Authors: Sumayah Mohammed Asiri A., Aviva Levina B., Elizabeth New C., Peter Lay D.


Pt compounds have been among the most successful anticancer drugs in the last 40 years, but the development of resistance to them is an increasing problem. Cellular homeostasis of an essential metal, Cu, is known to be involved in Pt resistance, but mechanisms of this process are poorly understood. We used a novel ratiometric Cu(I)-sensitive fluorescent probeInCCu1 dye to detect Cu(I) in the mitochondria. Total Cu and labile Cu pool measured using AAS and InCCu1 dye in A2780 cells and their corresponding resistant cells A2780-cis.R cells treated with Cu and cisplatin.
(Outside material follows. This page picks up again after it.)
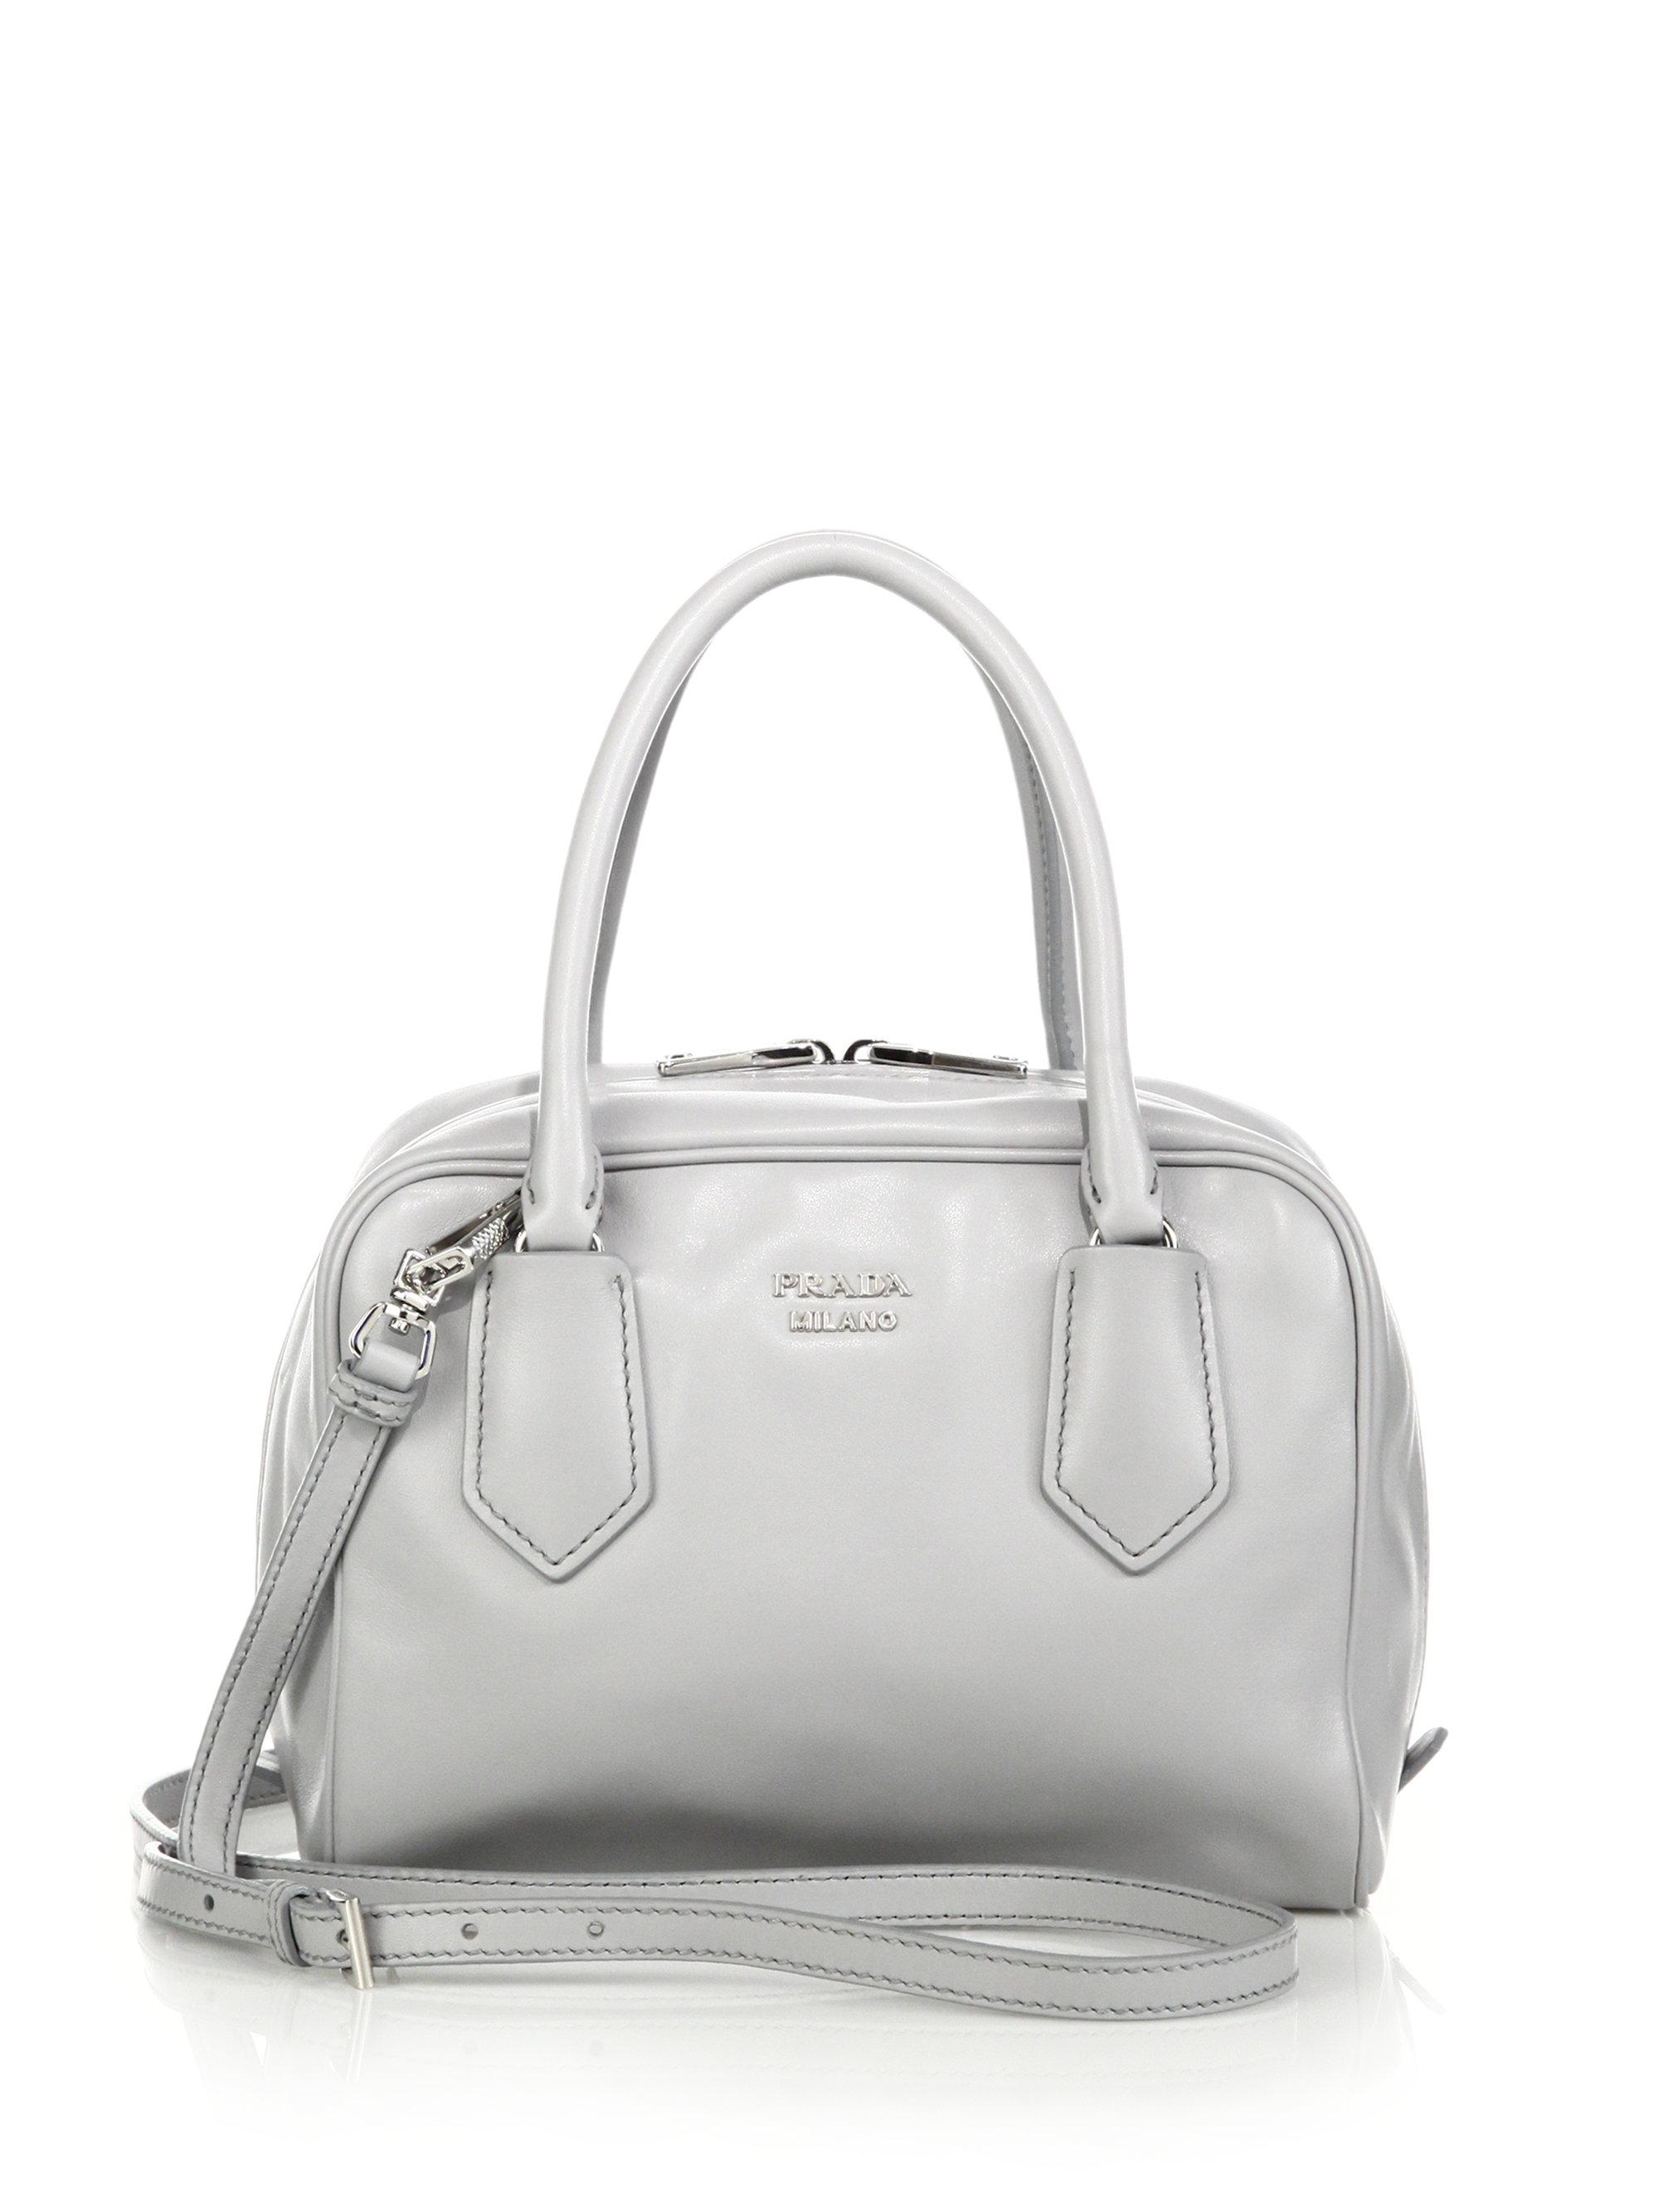 3eda63571c8 Prada Small Soft Calf Inside Bag in Gray - Lyst

The main difference between both cell lines in the presence and absence of Cu(II) is that resistant cells have lower total Cu content but higher labile Cu levels than cisplatin-sensitive cells. This means that resistant cells can metabolize and export excess Cu more efficiently. Furthermore, InCCu1 has emerged not only as an indicator of labile cellular Cu levels in the mitochondria but as a potentially versatile multi-organelle probe.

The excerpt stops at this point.